§ **EXTRACTED MATERIAL**:
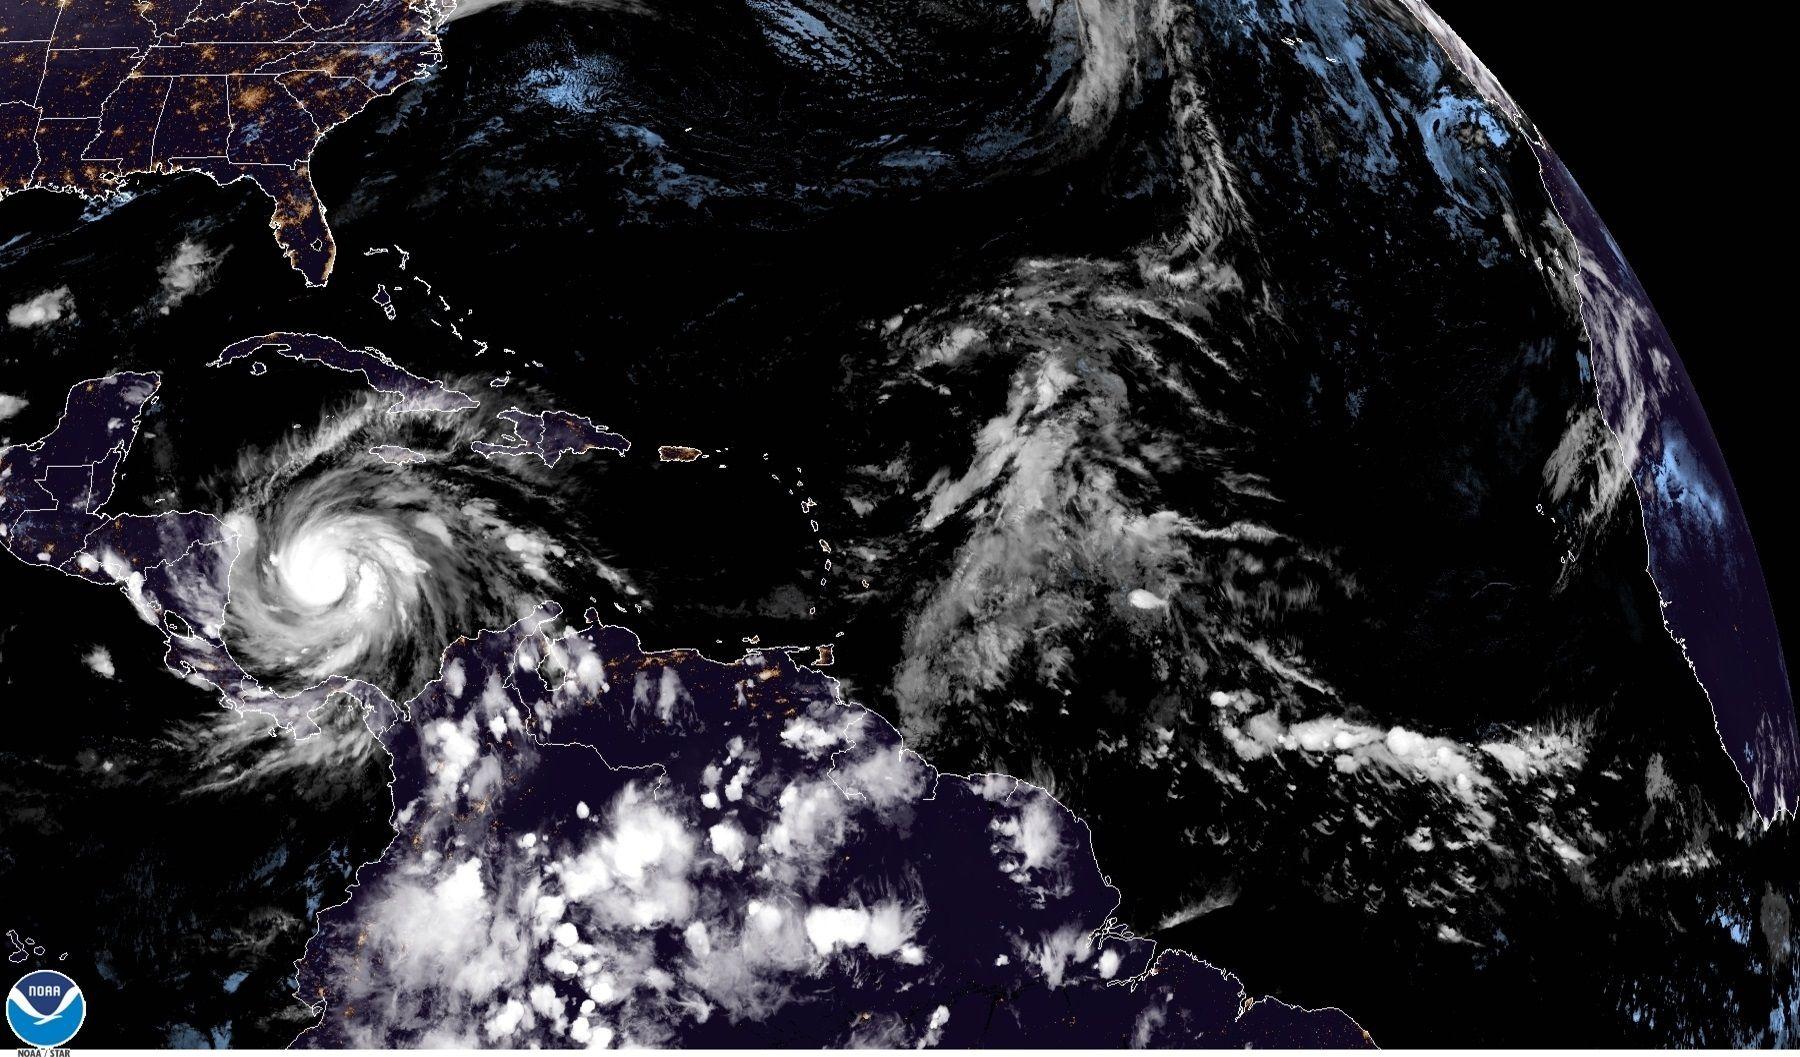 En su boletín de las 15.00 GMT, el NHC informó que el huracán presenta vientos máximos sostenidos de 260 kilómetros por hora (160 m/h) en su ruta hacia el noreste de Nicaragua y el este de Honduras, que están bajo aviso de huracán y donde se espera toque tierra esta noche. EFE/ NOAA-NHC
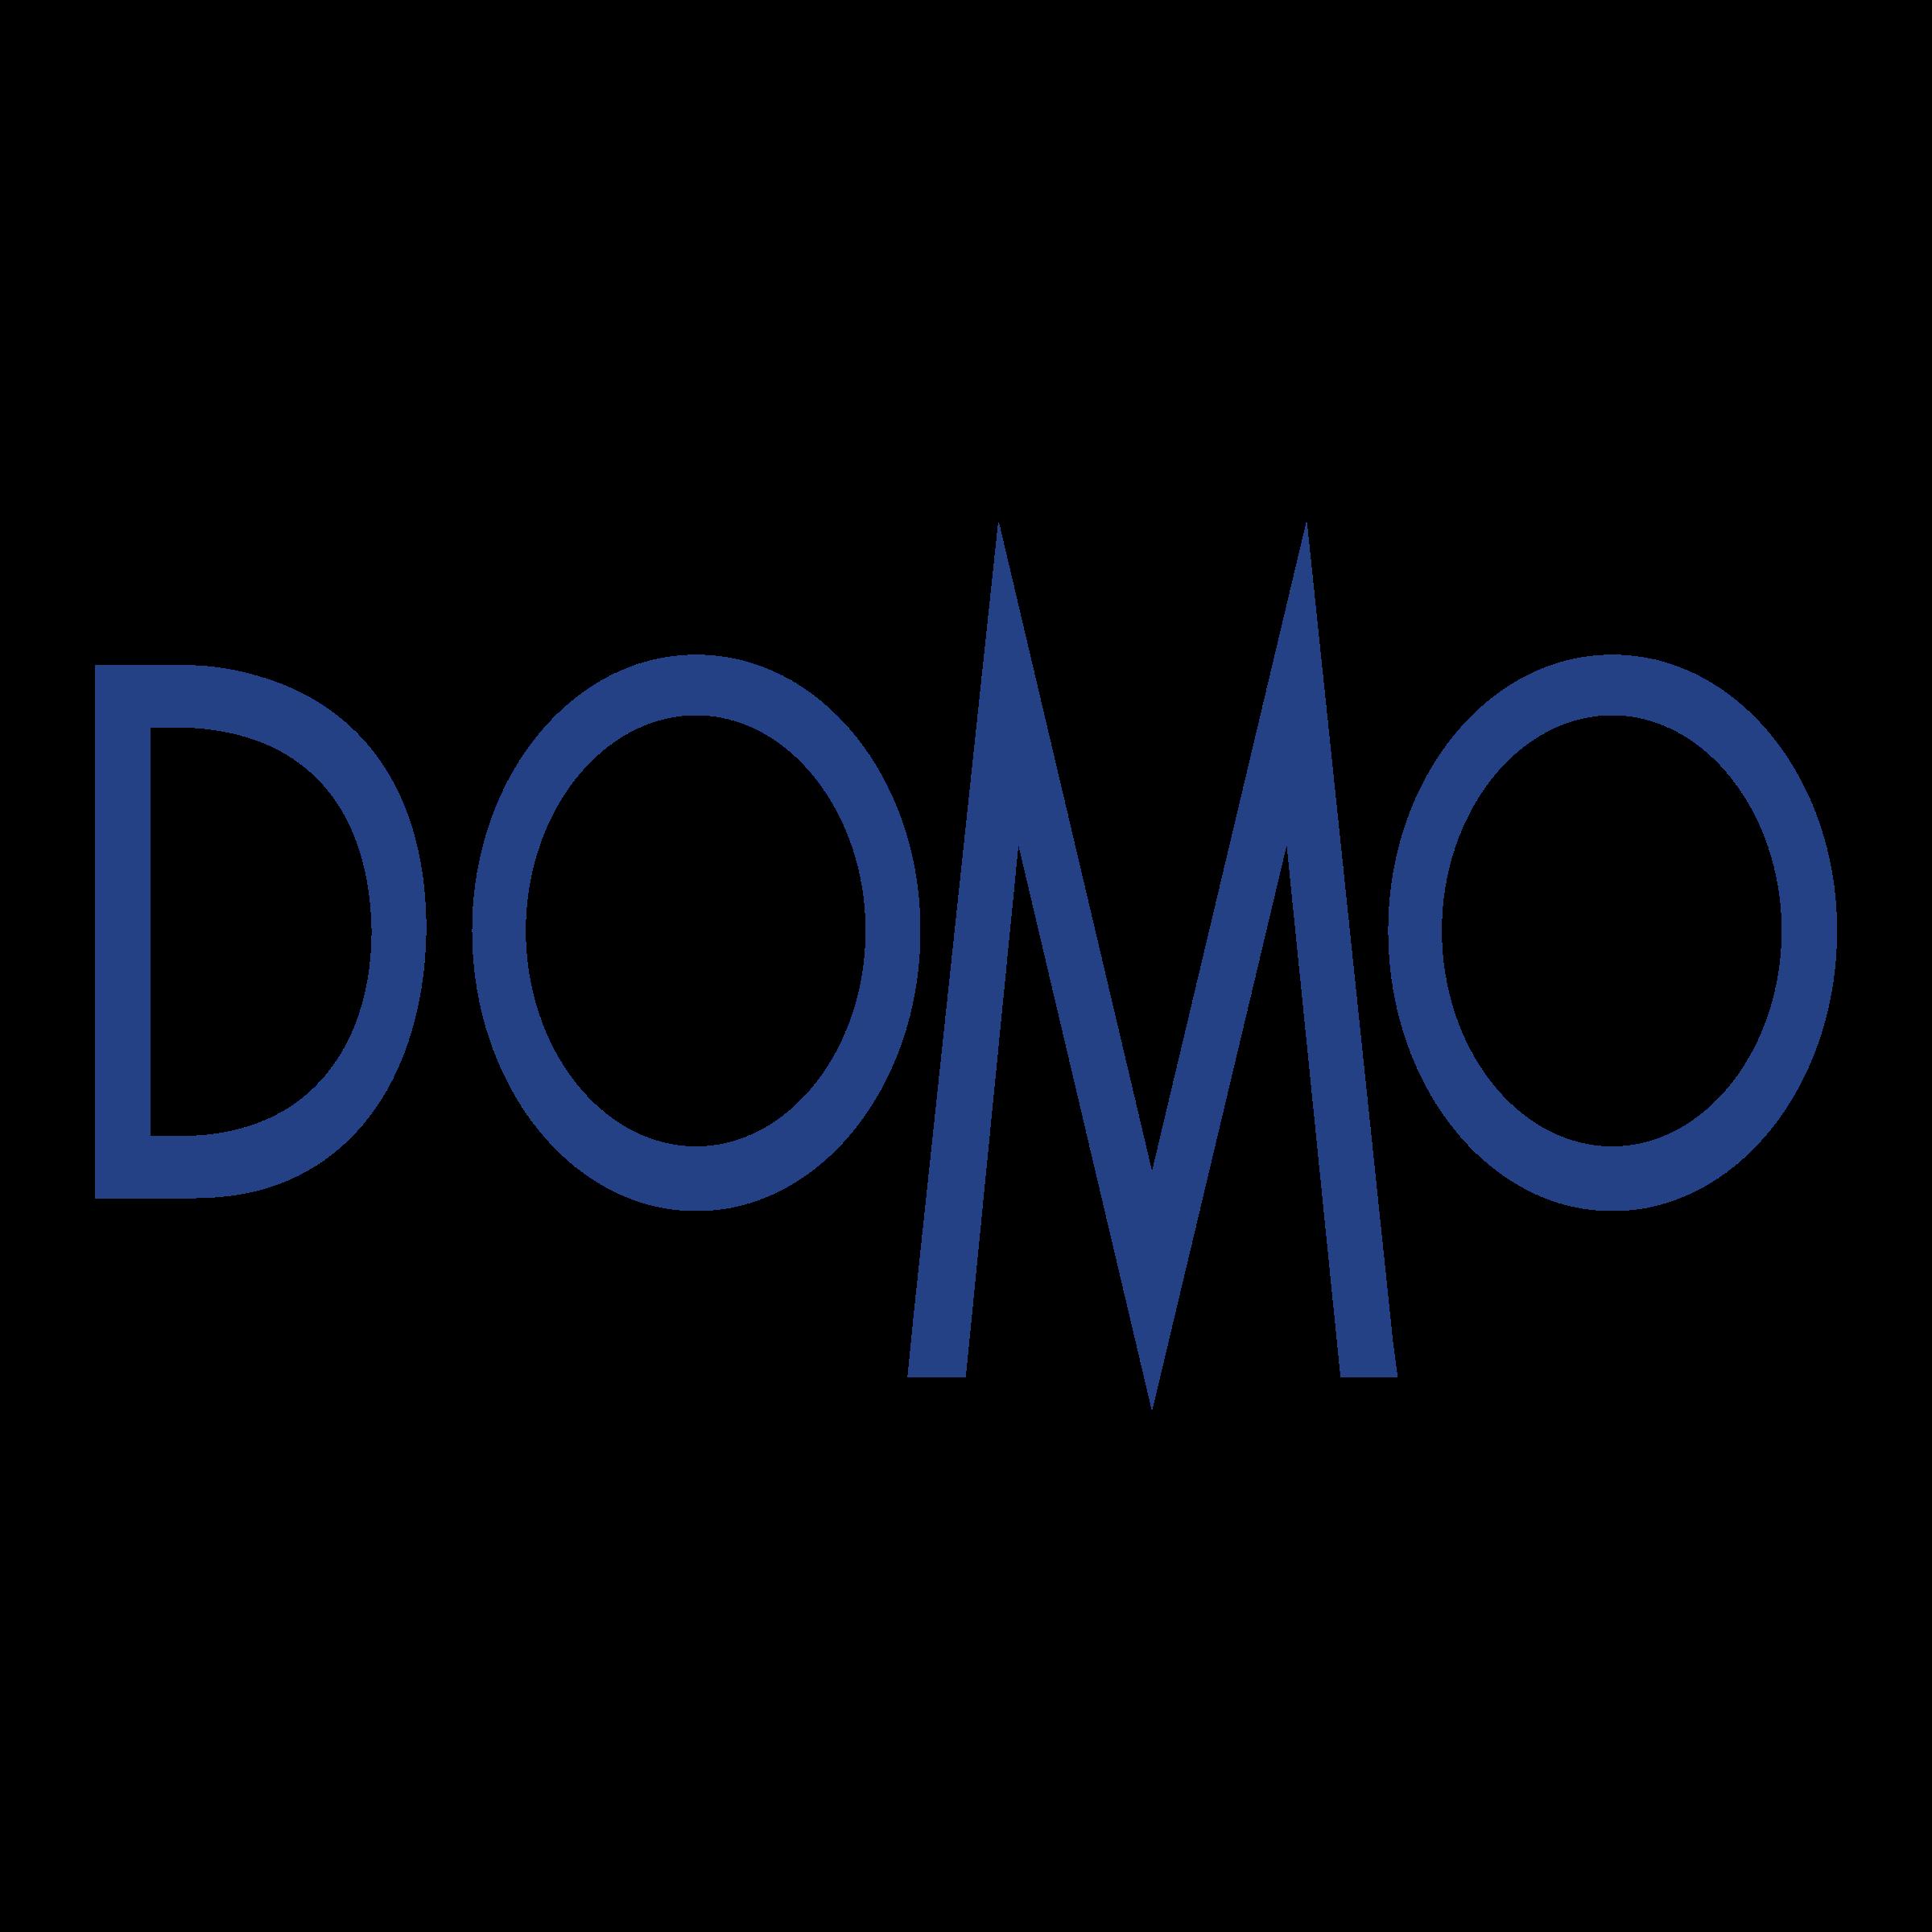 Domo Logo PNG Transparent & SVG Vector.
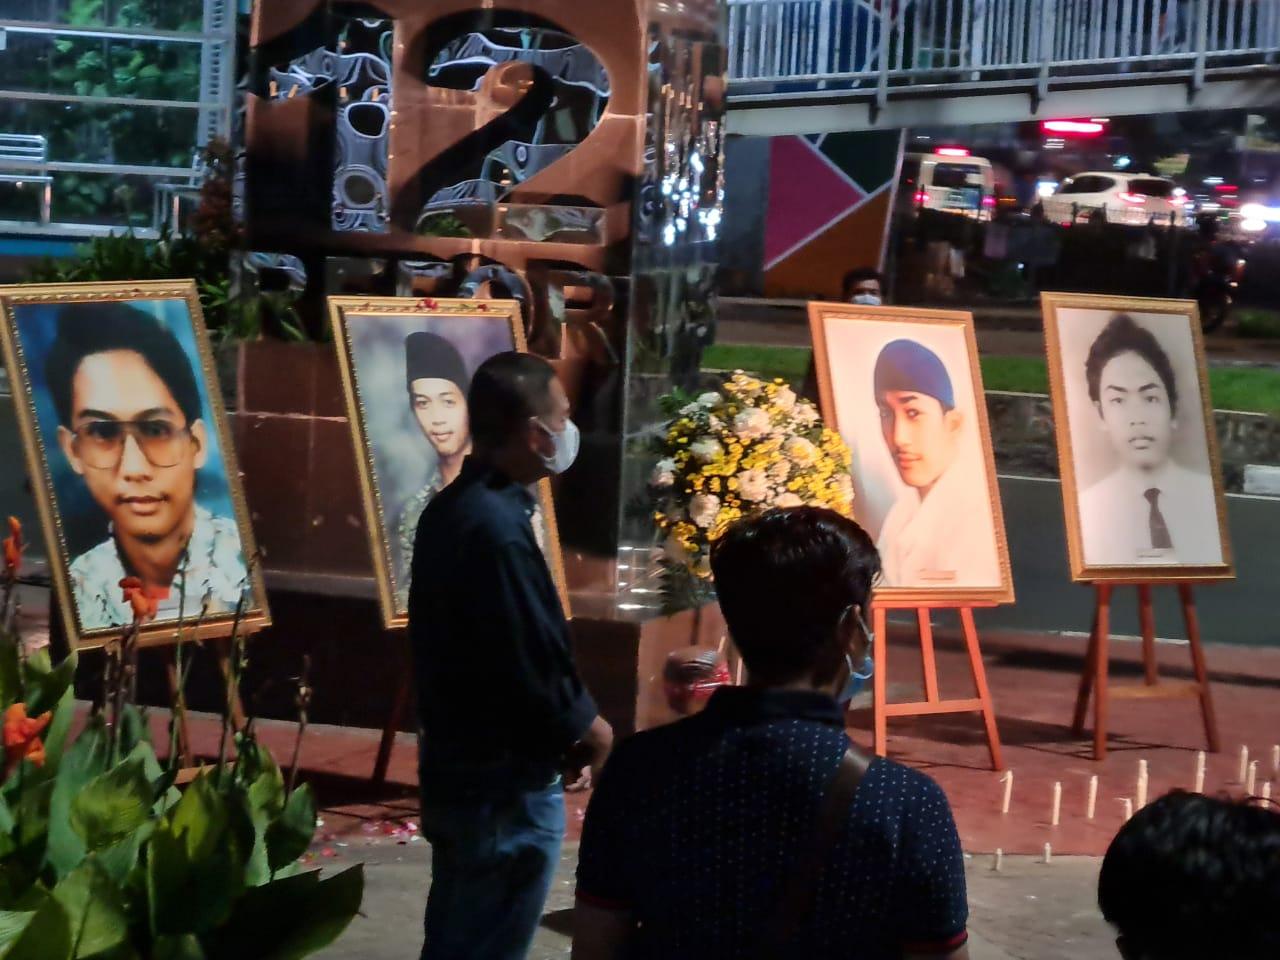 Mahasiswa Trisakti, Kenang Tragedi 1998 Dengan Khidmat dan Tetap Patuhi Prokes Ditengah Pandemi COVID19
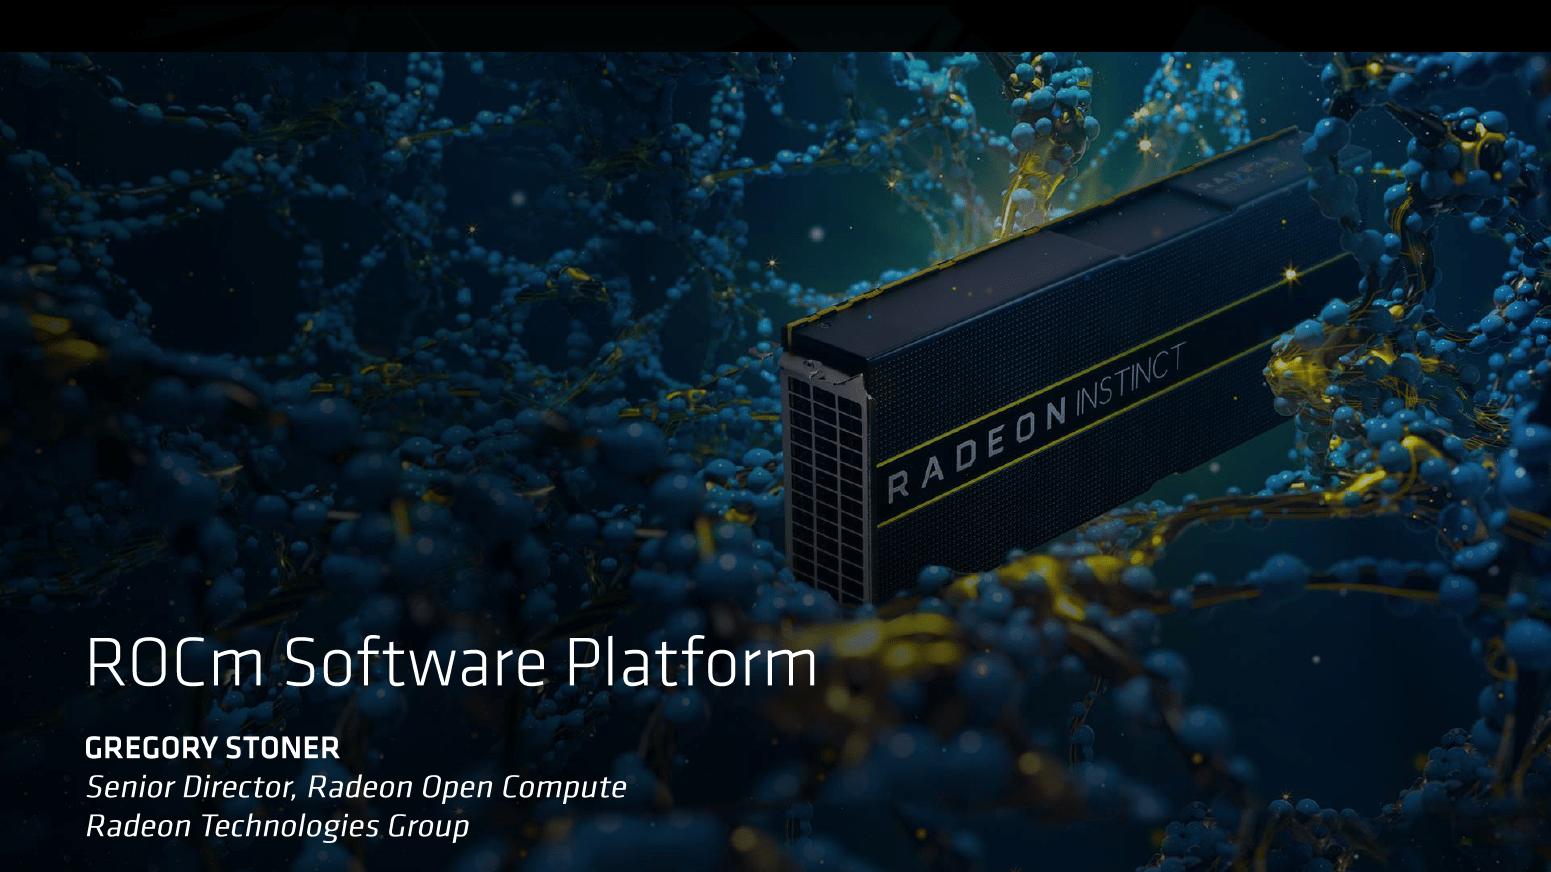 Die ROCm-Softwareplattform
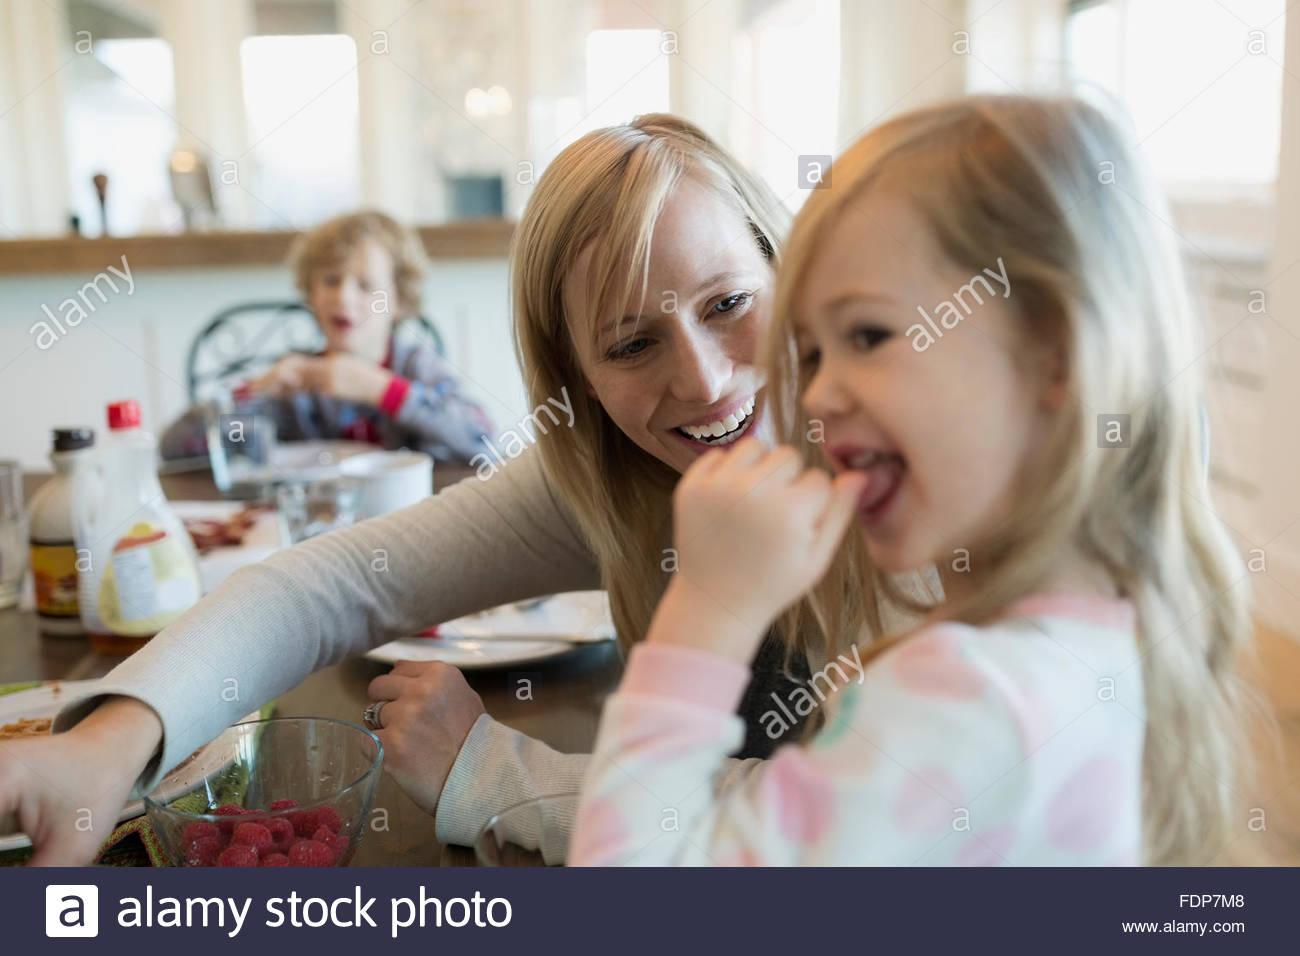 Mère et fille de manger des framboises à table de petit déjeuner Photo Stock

§ **WHAT YOU ARE ASKED TO DO**: If a record holds a picture, leave the picture out and copy the rest exactly.

§ **EXERCISE ANSWER**:
 En su boletín de las 15.00 GMT, el NHC informó que el huracán presenta vientos máximos sostenidos de 260 kilómetros por hora (160 m/h) en su ruta hacia el noreste de Nicaragua y el este de Honduras, que están bajo aviso de huracán y donde se espera toque tierra esta noche. EFE/ NOAA-NHC
 Domo Logo PNG Transparent & SVG Vector.
 Mahasiswa Trisakti, Kenang Tragedi 1998 Dengan Khidmat dan Tetap Patuhi Prokes Ditengah Pandemi COVID19
 Die ROCm-Softwareplattform
 Mère et fille de manger des framboises à table de petit déjeuner Photo Stock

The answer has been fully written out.